Friday, July 17, 2009

fantasy creatures have hearts (and livers) too

___________________

Japanese monster artists have created a vast menagerie of crazy creatures (or Kaiju 怪獣). the beloved Godzilla being a most notable specimen.

Godzilla/Gojira has always been a bad-ass, with her ability to breath fire, or breath ice, be radioactive, shoot lasers from her eyes, and various other things besides (depending on what model year we are talking). But if she eats some bad shrimp, does she get a stomachache like I do? Does she even have a stomach?

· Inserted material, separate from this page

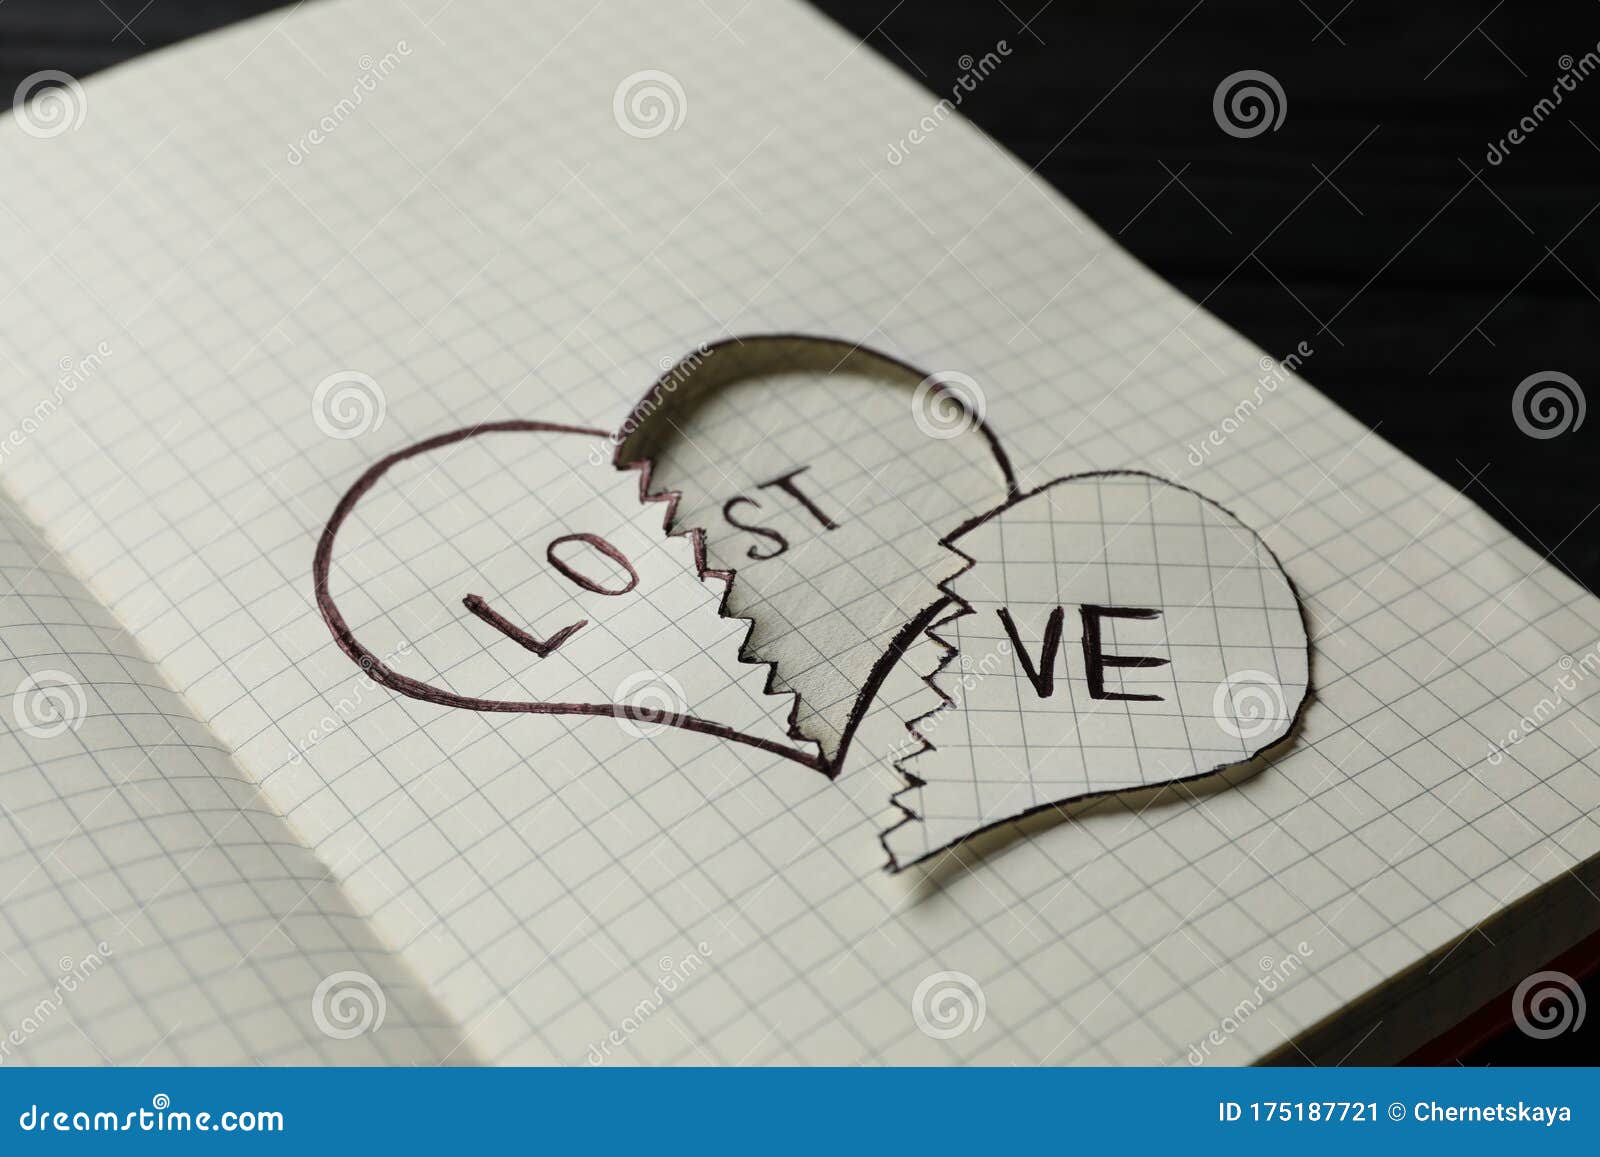 Broken Heart Draw Vector Images (over 1,700)

Where fantasy meets the possibility of reality and myth finds embodiment is the place where a monster’s monsterful anatomy might also be imagined, and in detail. Every cause has an effect, as modern science has taught us, so it is only fair that some odd organs should underlie what otherwise would seem to be “super”natural abilities:

Godzilla’s purported ability to move her limbs with the complex grace beyond that of a Shaolin monk or drummer Buddy Rich, for example? Well, according the the anatomy chart here, we can leave that to the two subsidiary nerve ganglia in her that work like two “sub-brains” to process all that muscle control - one for the arms and one for the legs, respectively. What I love about this is that even in such a fiction lies the fact that many insects are built in just such a neurologically distributed way. When it comes to science, perhaps the matters of "fiction" and "non-fiction" are fuzzy at best...

A glimpse at some more Japanese monster anatomy charts can be found here.
Better still, the old-school Leuckhart charts
___________________
___________________
___________________

2 comments:

Mike said...

Unlike other tetrapods, Godzilla has twin proximal limb bones where we just have a boring femur. This would allow it to rotate its foot 360°. It would be an interesting anatomy exercise to get students to come up with names for these hitherto-undescribed bones...

andrew s.yang said...

Thanks for your expertise of this! Now I'm wondering if Gojira actually put this extra foot rotation into play - perhaps in doing card tricks for Mothra?